在厦门待的这几天. 总是容易想起以前在香港跑新闻的日子. 那时候维多利亚港的风也是这样黏糊糊的,带着点海腥味,吹得人头发乱糟糟. 今晚在会展中心附近的环岛干道上走. 车流如织. 红色的尾灯拉成了一条条流动的光带,像是血管里奔涌的红细胞,拼了命地要给这座城市输送养分. 我站在天桥上,有点恍惚. 这种感觉很像多年前在纽约,站在布鲁克林大桥下看曼哈顿的夜景. 繁华得让人觉得不真实,又寂寞得让人想掉眼泪.
手里捏着一颗刚才在便利店随手买的大白兔奶糖. 剥开那层薄薄的糯米纸,放进嘴里. 甜味慢慢化开,有点腻,又有点让人安心. 小时候在上海弄堂里,外婆也是这样塞给我一颗糖. 她说,囡囡,吃了糖就不苦了. 其实哪里有什么具体的苦呢,那时候只是因为弄坏了邻居家的花盆被骂了两句. 现在的苦,大多是说不出口的. 比如看着时间一点点从指缝里流走,比如看着镜子里眼角细细的纹路. 比如此刻,在这个陌生的城市路口,突然不知道自己下一站该去哪里.

环岛干道上的车开得真快啊. 嗖的一声就过去了,连个影子都抓不住. 它们都在奔向哪里呢. 也许是回家吃一顿热乎的晚饭,也许是去赶一个推不掉的应酬. 又或者是像我一样,漫无目的地在这个巨大的城市迷宫里打转. 路灯昏黄,把我的影子拉得很长,又在地上折叠起来,像个被揉皱的纸团. 我想起张爱玲写过的那些电车,那种哐当哐当的声音,好像把时间都碾碎了. 这里的车没有声音,只有轮胎摩擦柏油路面的嘶嘶声. 像是一种低语,又像是一种叹息.

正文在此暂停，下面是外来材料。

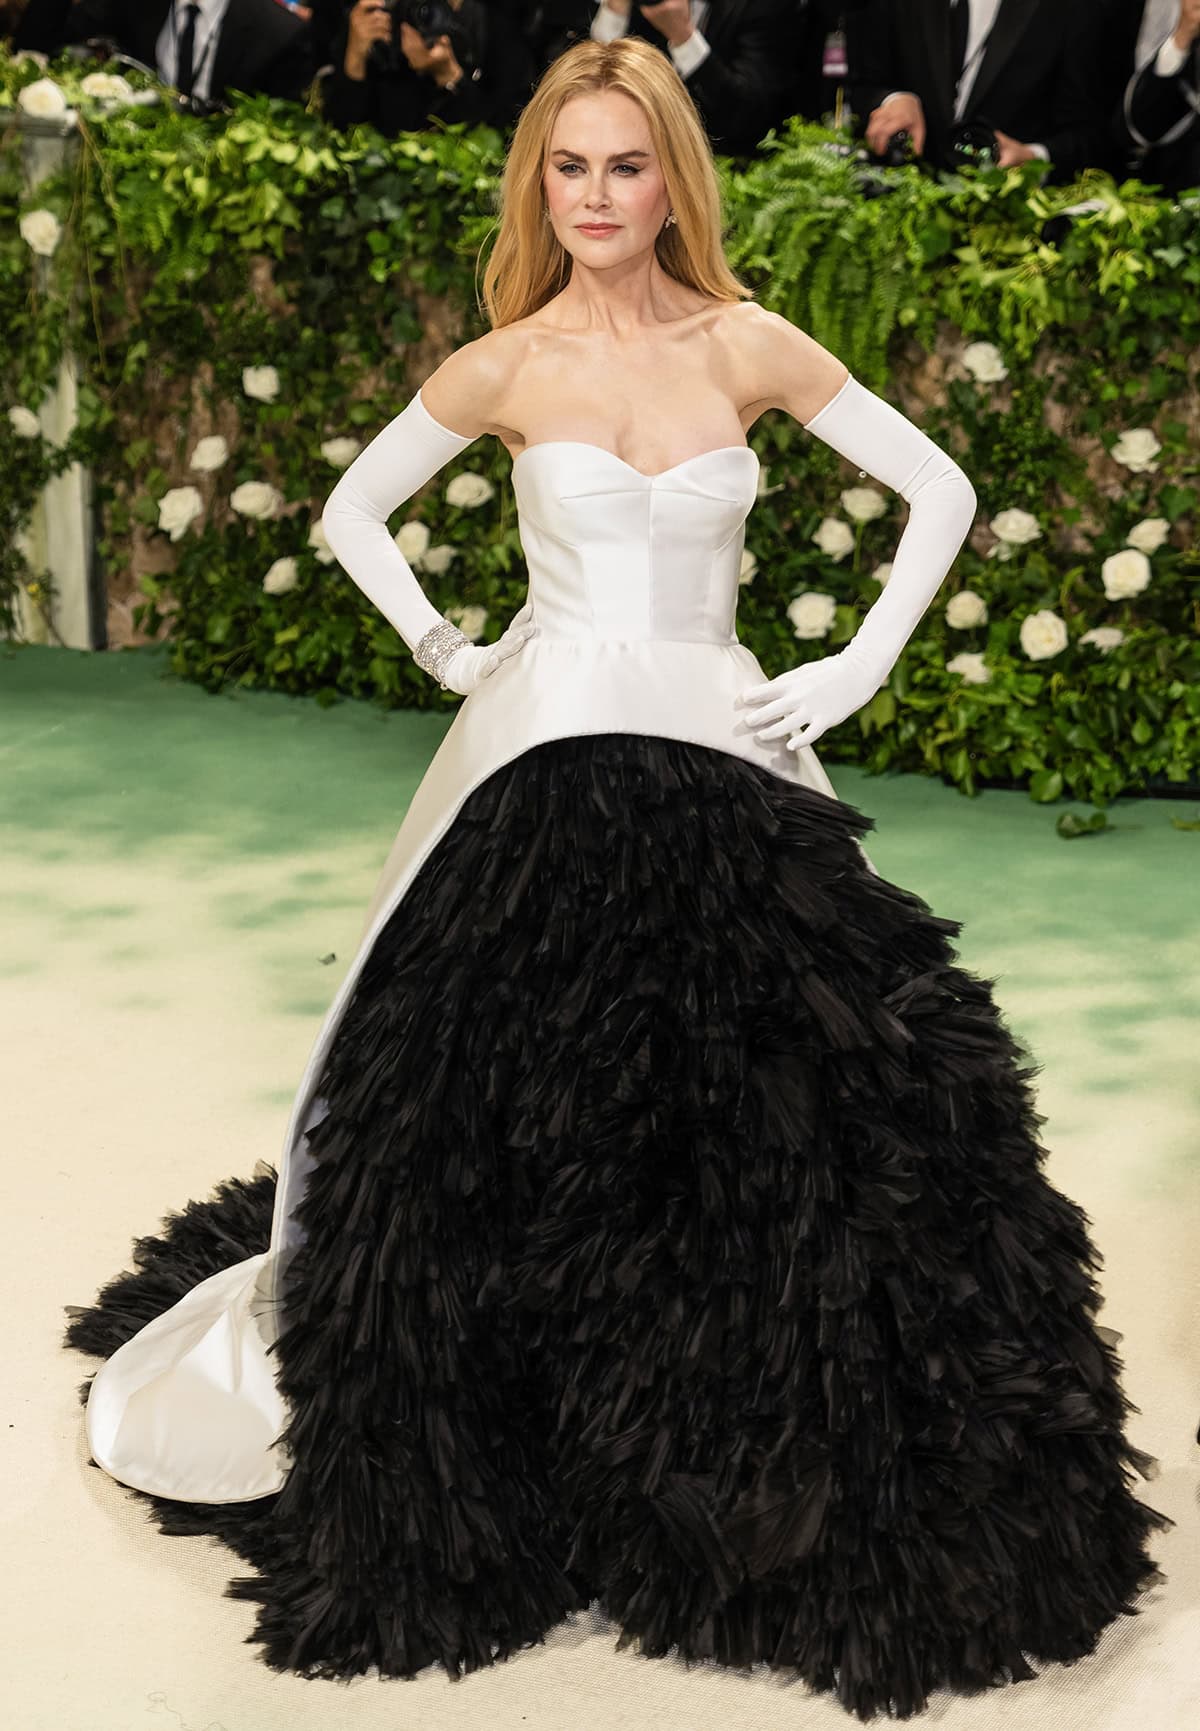 Nicole Kidman's black-and-white Met Gala gown features a white satin bustier top, cascading down her back and partially overlaying a black organza ruffle skirt
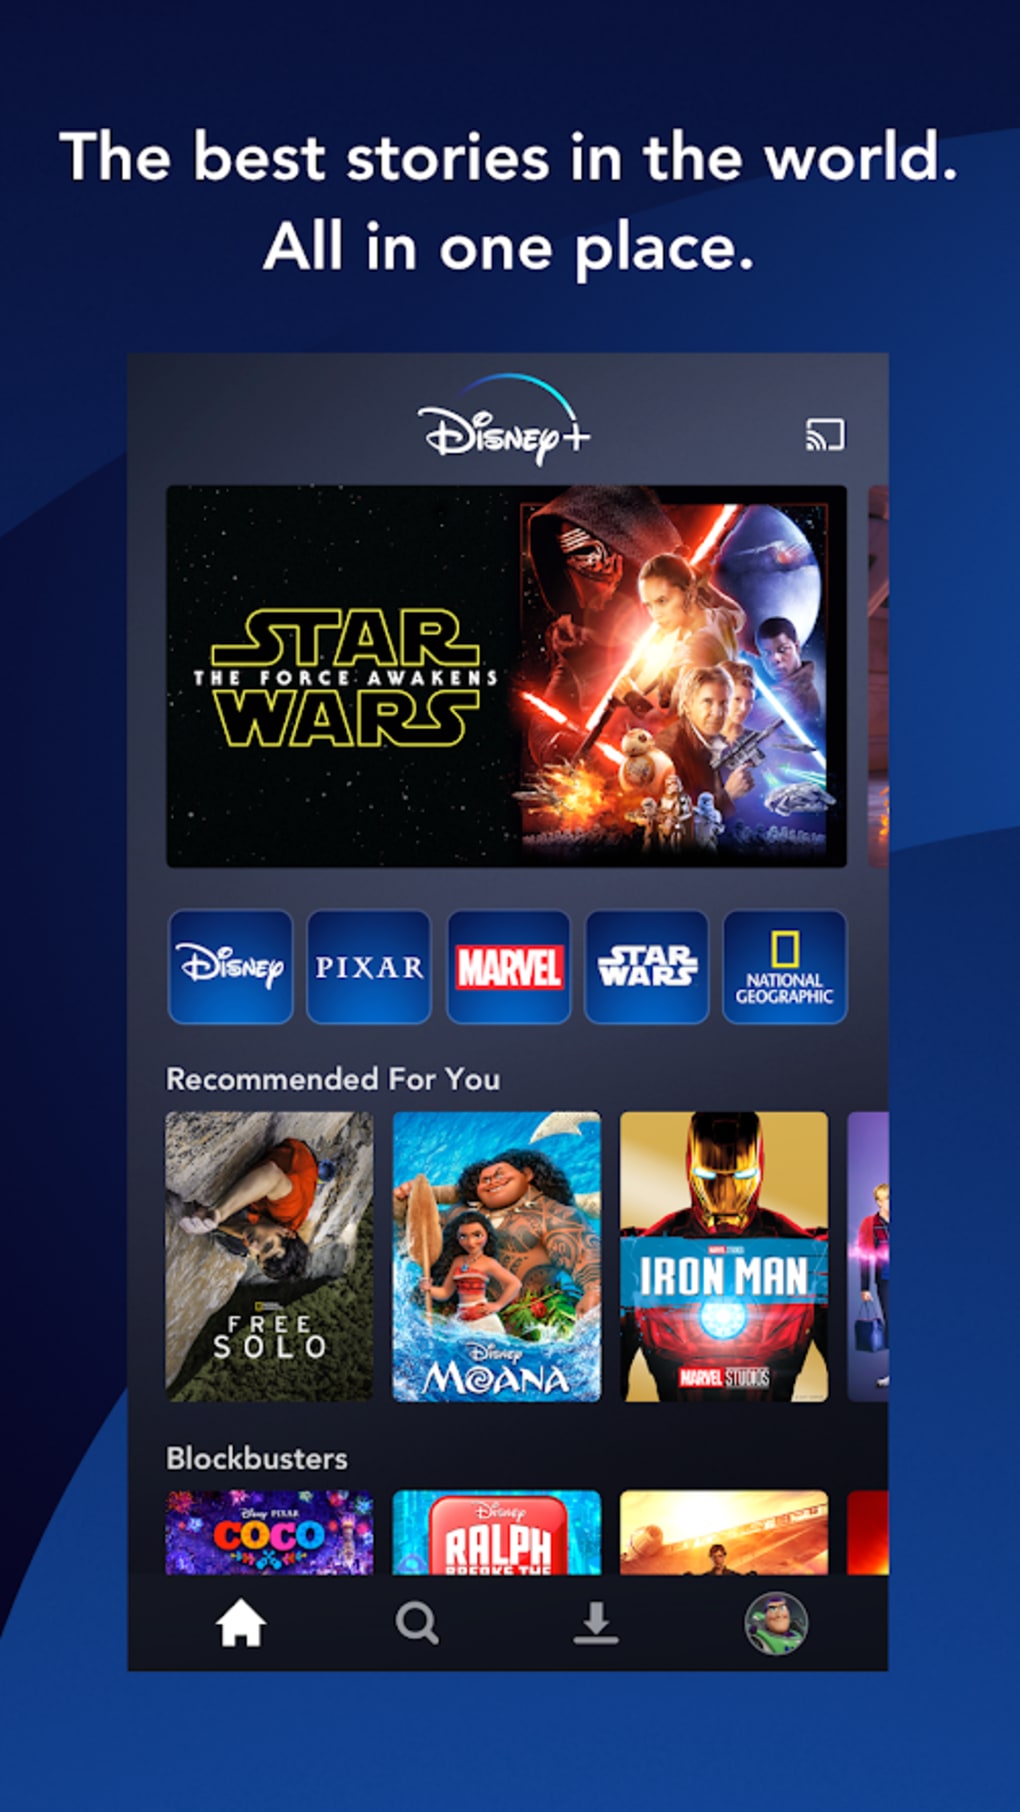 disney plus app android - Online Discount Shop for Electronics, Apparel,  Toys, Books, Games, Computers, Shoes, Jewelry, Watches, Baby Products,  Sports & Outdoors, Office Products, Bed & Bath, Furniture, Tools, Hardware,  Automotive

前面不远处有个卖气球的小贩. 那些气球在夜风里乱晃,五颜六色的,像是一群不安分的梦. 我走过去,买了一个银色的,像月亮. 小贩是个中年男人,皮肤黝黑,笑起来牙齿很白. 他问我,一个人啊. 我点点头,说是啊,一个人. 他没再说话,只是把绳子系紧了递给我. 那一刻,我突然觉得这种陌生人的善意,比那颗糖还要甜一点. 我们都是这座城市里的浮萍. 偶尔碰一下,然后各自漂流.
走到海边的时候,潮水正在上涨. 黑漆漆的海面上,只有远处几点渔火在闪烁. 海浪拍打着礁石,发出沉闷的声响. 这声音让我想起在波士顿读书时的那个冬天. 查尔斯河结了冰,我在河边走,听见冰层下面水流的声音. 那时候觉得世界真安静啊,安静得只能听见自己的心跳. 现在这里太吵了. 车声,风声,海浪声,还有远处不知道哪里传来的广场舞音乐. 但这吵闹里,又藏着一种奇异的宁静. 好像所有的喧嚣都被这无边无际的夜色给吞没了.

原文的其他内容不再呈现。